Questionamentos à secretaria sobre as mortes de crianças e as ações para combatê-las foram ignorados, apesar de numerosos e-mails e telefonemas.

A BBC Brasil ainda tentou tratar dos temas com o novo ministro da Saúde, Arthur Chioro, e com o ex-ministro Alexandre Padilha, responsável pela pasta entre 2011 e o início deste ano. Os pedidos de entrevista foram igualmente recusados.

Para o médico Douglas Rodrigues, especialista em saúde indígena da Universidade Federal de São Paulo (Unifesp), a alta mortalidade entre crianças mostra que atendimento a índias gestantes e recém-nascidos ainda deixa muito a desejar.

Ele diz que as mortes de índios por doenças infecciosas têm duas razões principais: a maior vulnerabilidade de alguns grupos mais isolados a essas doenças e falhas na assistência médica.

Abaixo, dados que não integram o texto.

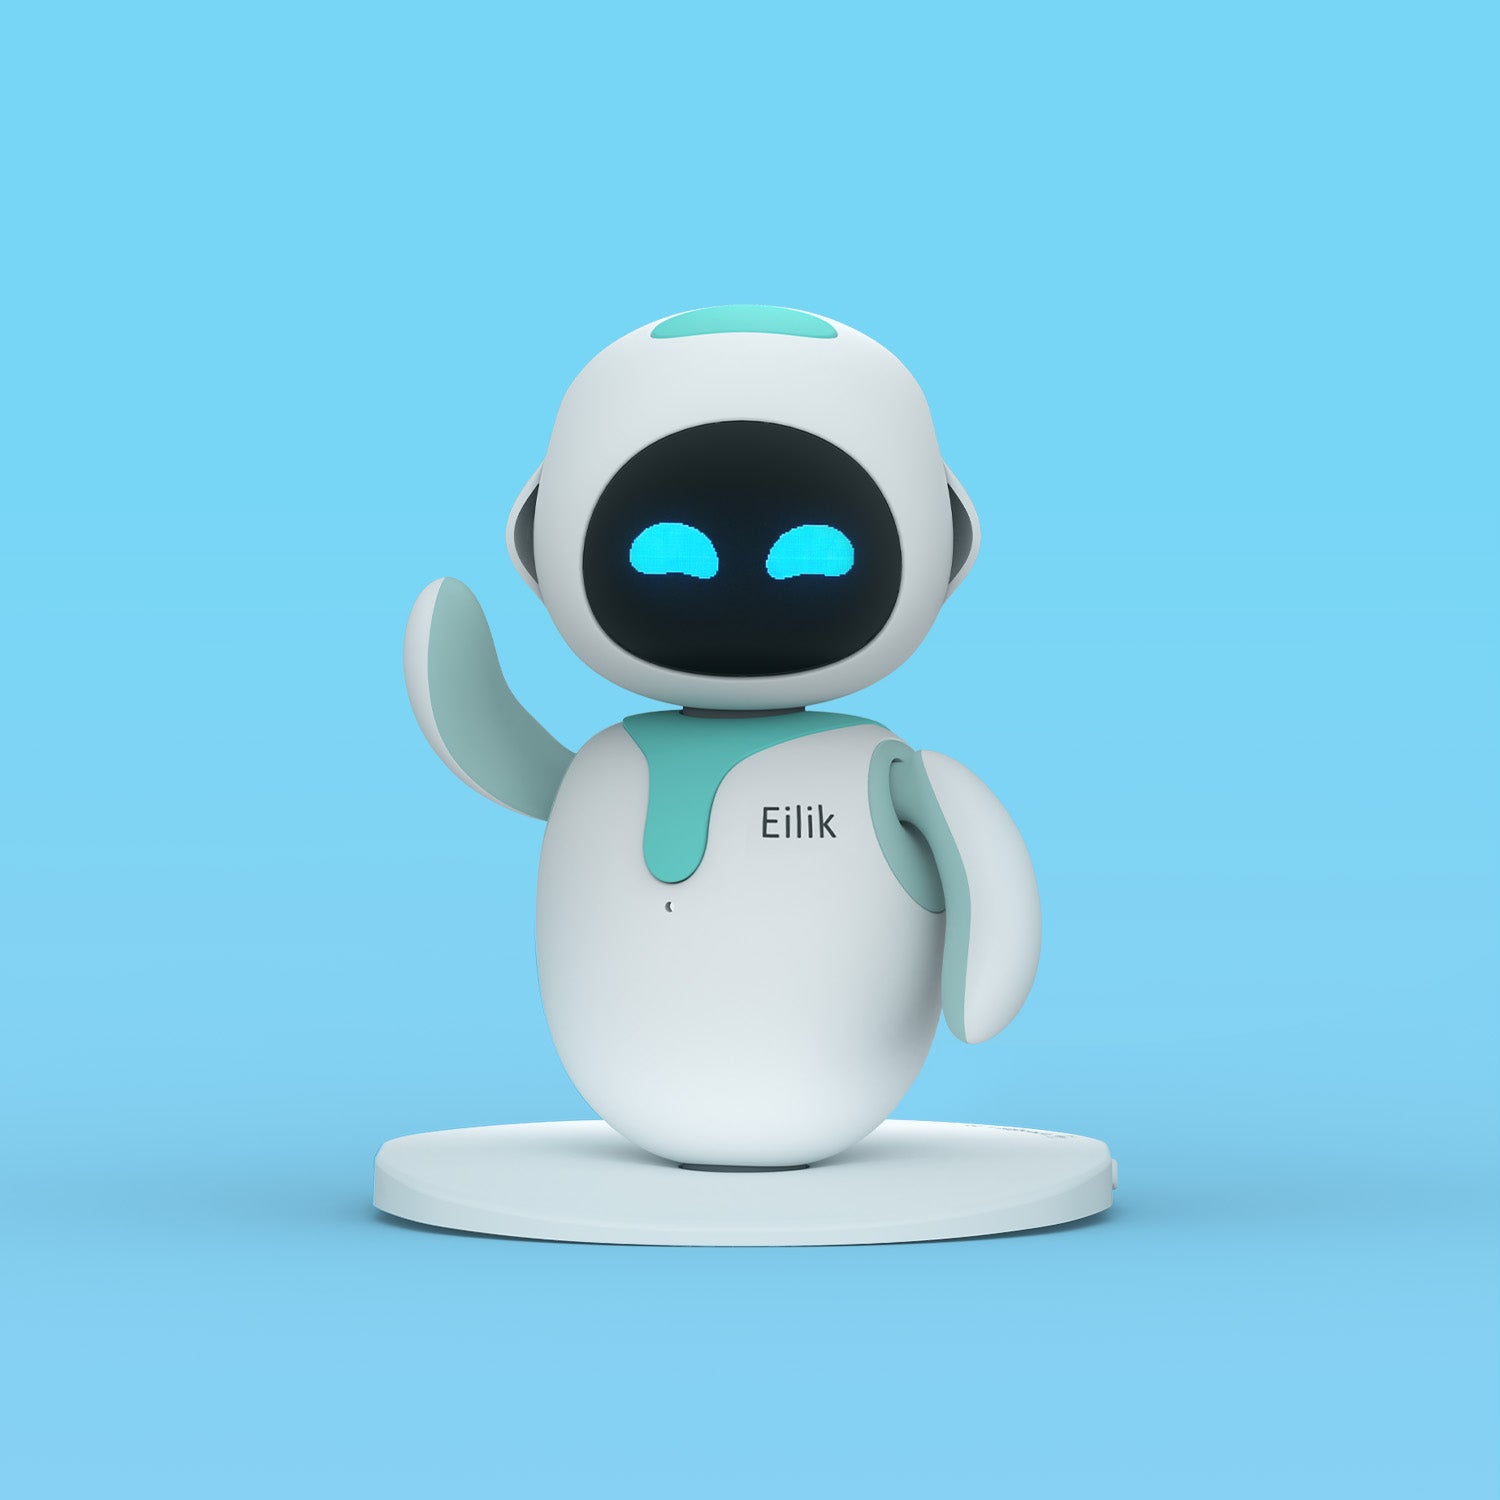 elik robot together｜TikTok Search, elik robot

“O mais grave é que essas doenças são evitáveis. Não dá para aceitar que em pleno século 21 tantos índios morram por doenças infecciosas.”

O professor diz que, nas últimas décadas, houve grandes avanços nos serviços de saúde para os índios. Em 1999, a União assumiu a responsabilidade pela saúde indígena, que passou a ser gerenciada pela Funasa (Fundação Nacional de Saúde).

Em 2010, com a criação da Secretaria Especial da Saúde Indígena (Sesai), subordinada ao Ministério da Saúde, as ações passaram a ser geridas por um órgão exclusivamente voltado aos índios.

No entanto, segundo o professor, a acelerada melhora nos índices verificada até o início da última década praticamente se interrompeu.

Ele cita os dados de mortalidade infantil entre os índios. Segundo uma apresentação da Sesai, a taxa despencou de 74,6 para mil nascidos vivos, em 2000, para 47,4, em 2004. No entanto, de 2004 a 2011, o índice diminuiu em velocidade bem menor, para 41,9.

No Brasil, a mortalidade infantil em 2011 foi de 15,3. E diferentemente do histórico entre os índios, o índice nacional segue baixando em ritmo uniforme.

“Saiu-se de uma situação de quase desassistência aos índios e foi se aumentando o número de pessoas e lugares em que há profissionais, o que teve um impacto muito grande. Mas depois de 2005 houve uma estabilização, o que é preocupante”, diz Rodrigues.

“Agora é o momento de fazer um ajuste fino, de melhorar a qualidade”.